• [Your assignment] From the first line to the last, repeat the data exactly and drop the pictures.
Start of Data segment
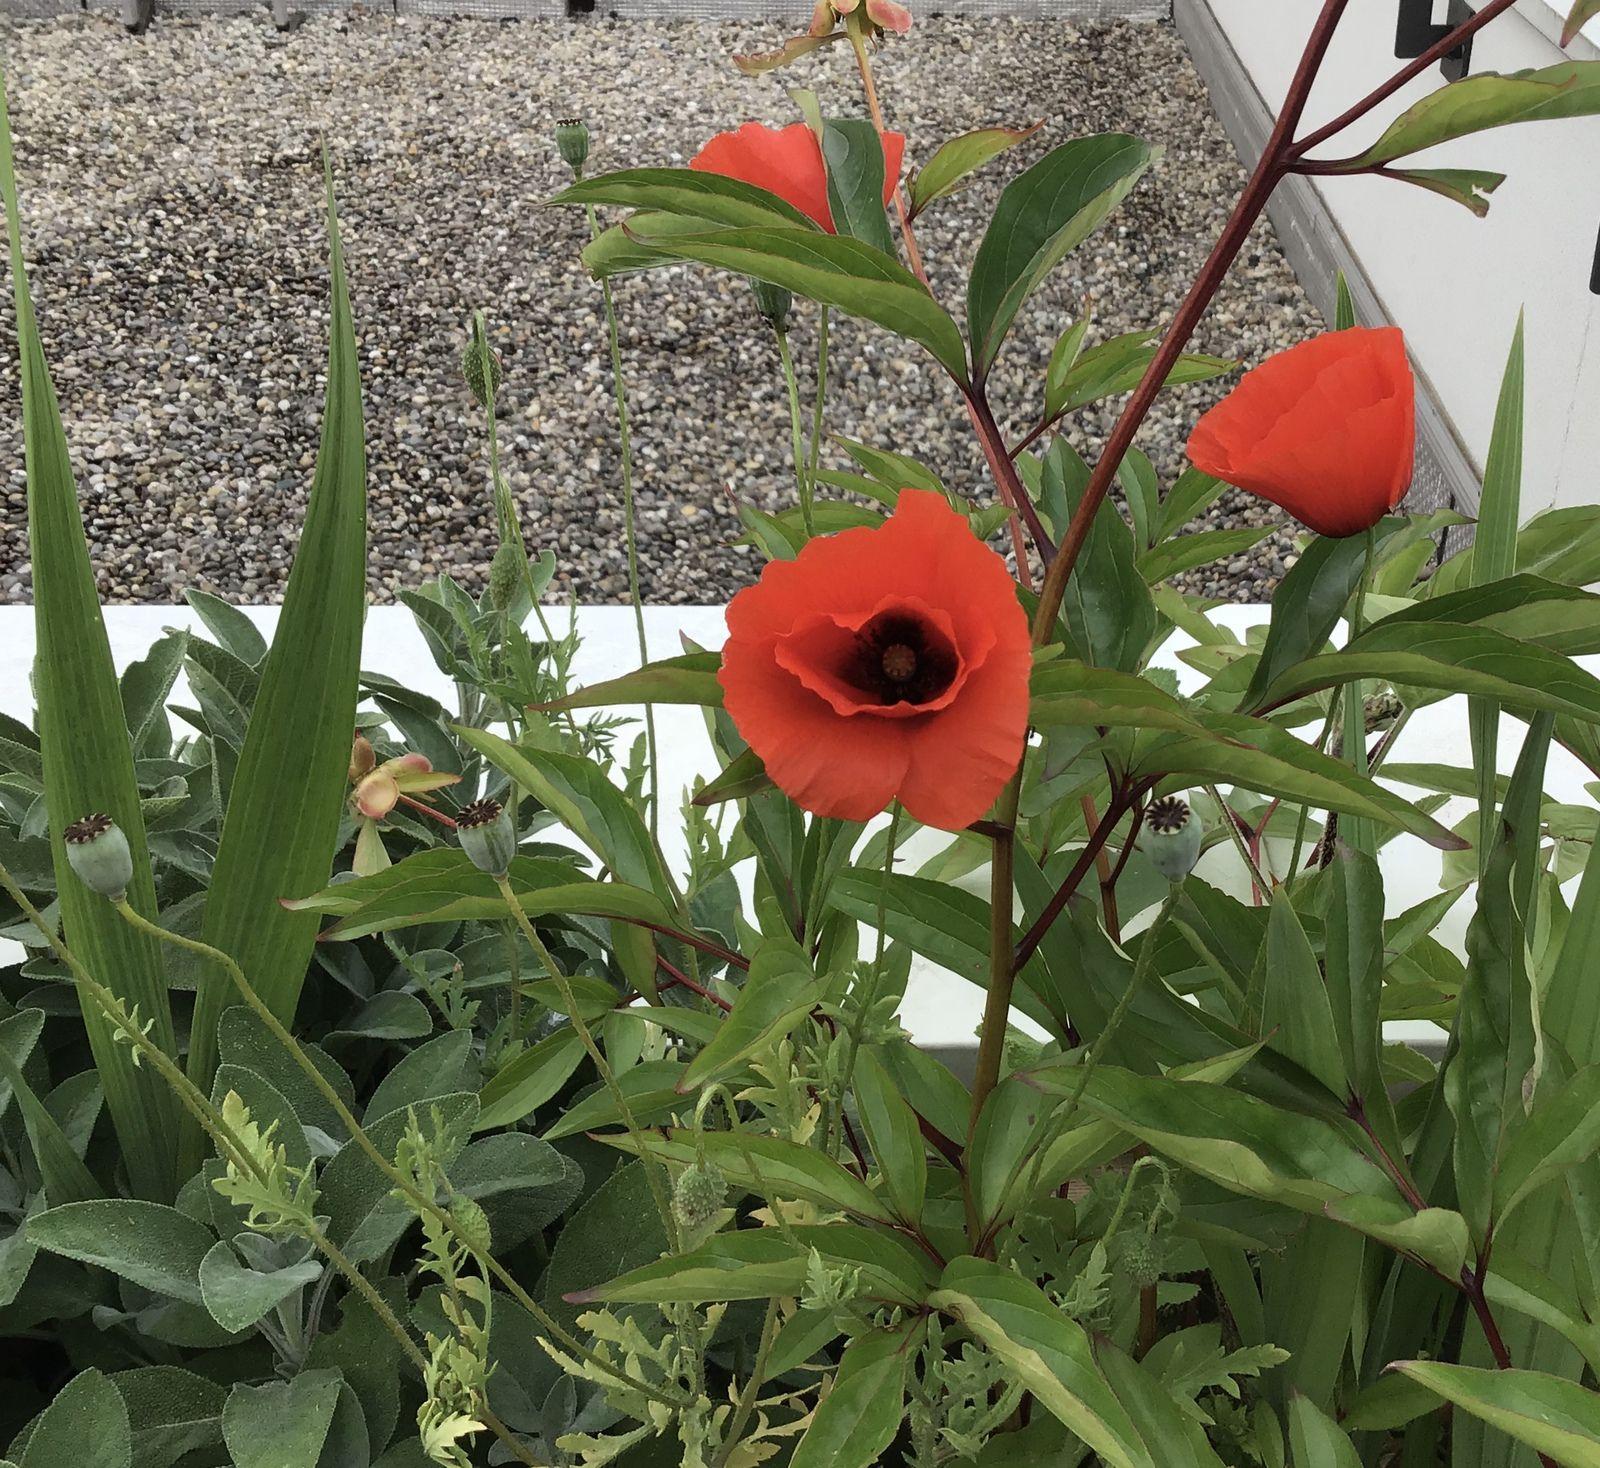 Les fleurs du mois de mai 2021 dans le micro jardin urbain, petit tour du jardin
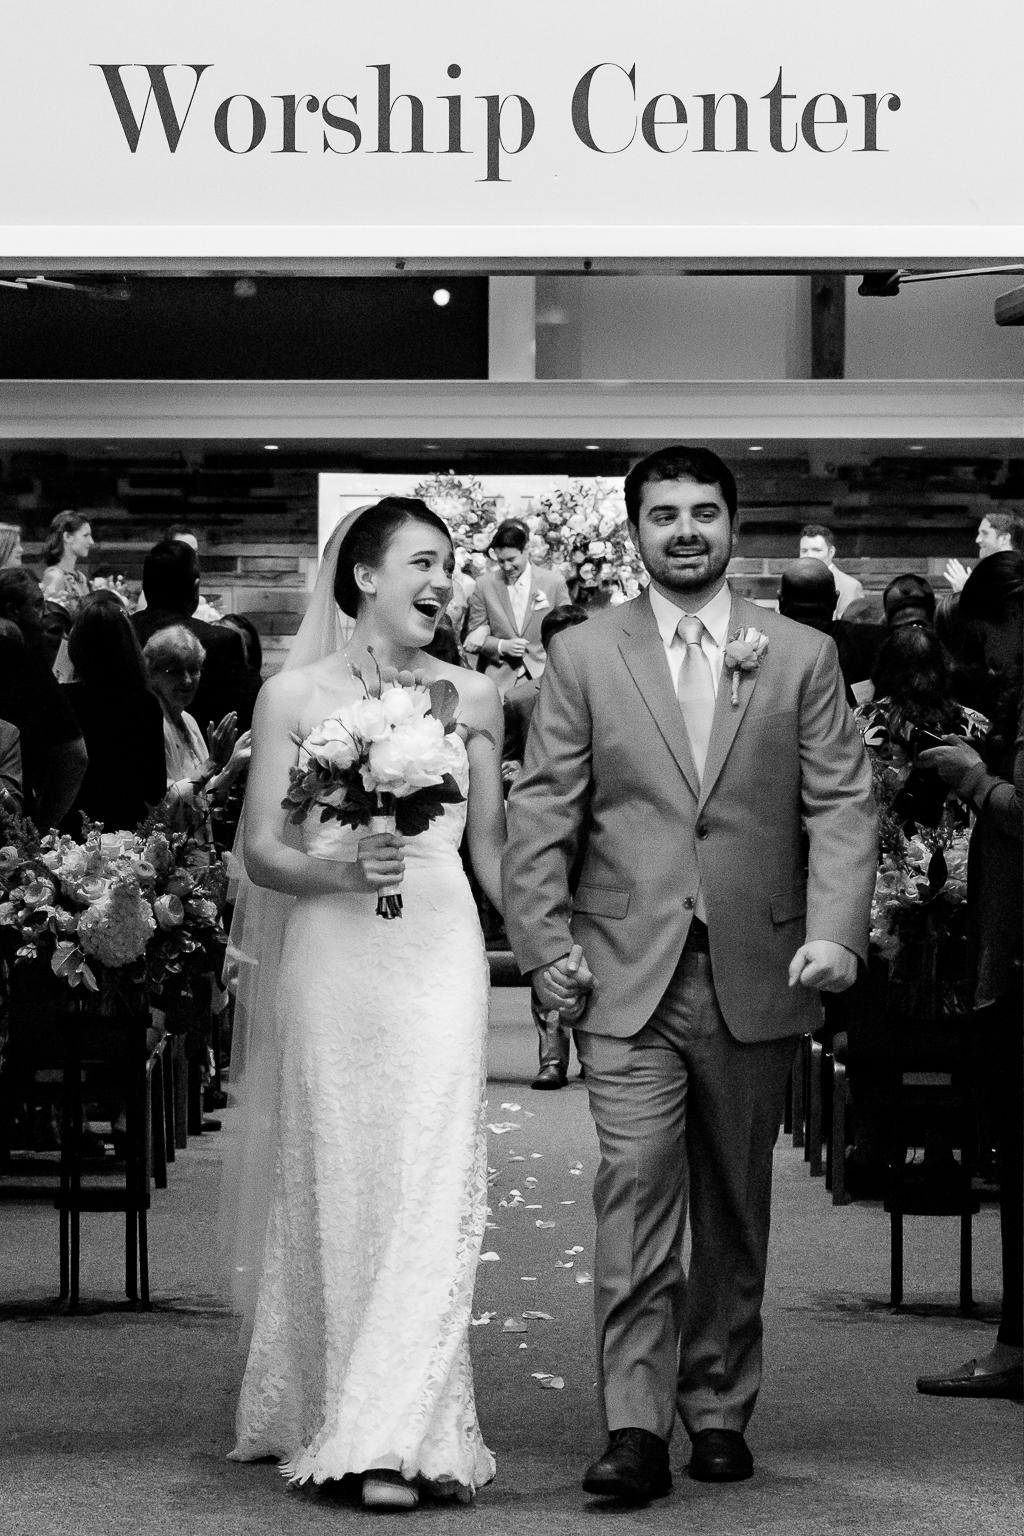 clytie-sadler-church-wedding-photographer-012-1.jpg
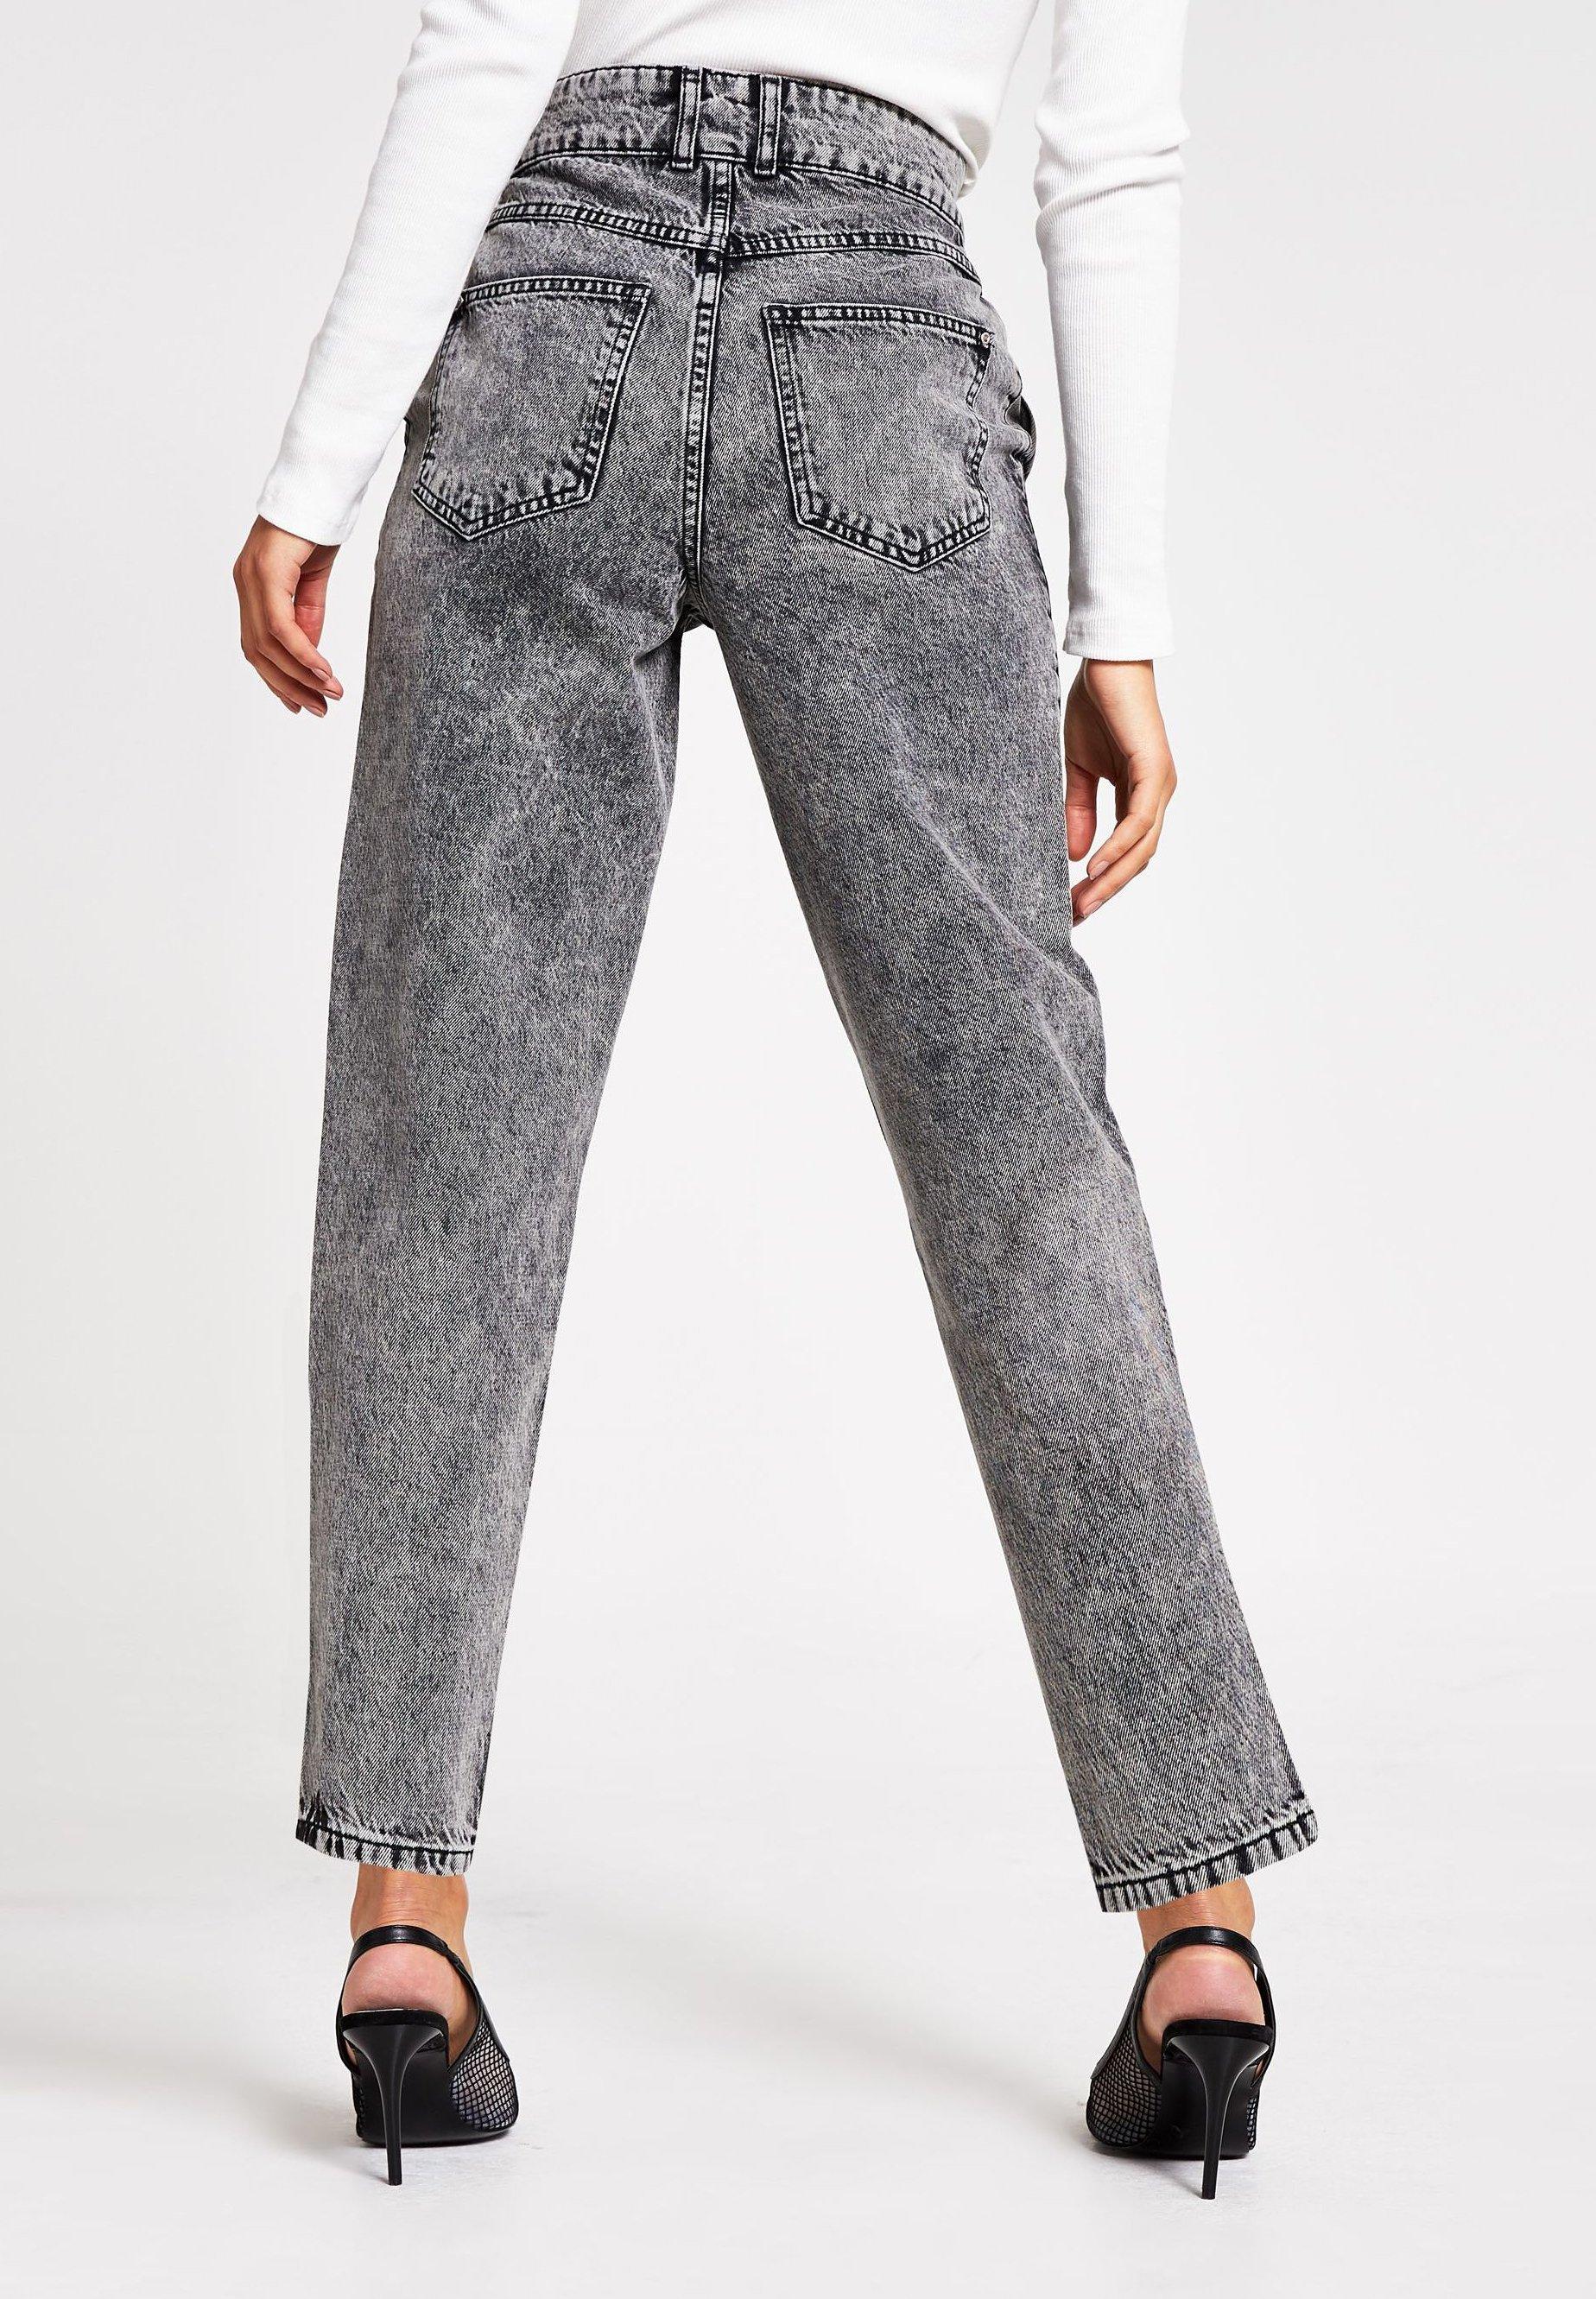 River Island Jeans fuselé - black - Jeans Femme 4NlnW
End of Data segment
• [Result of the task]
 Les fleurs du mois de mai 2021 dans le micro jardin urbain, petit tour du jardin
 clytie-sadler-church-wedding-photographer-012-1.jpg
 River Island Jeans fuselé - black - Jeans Femme 4NlnW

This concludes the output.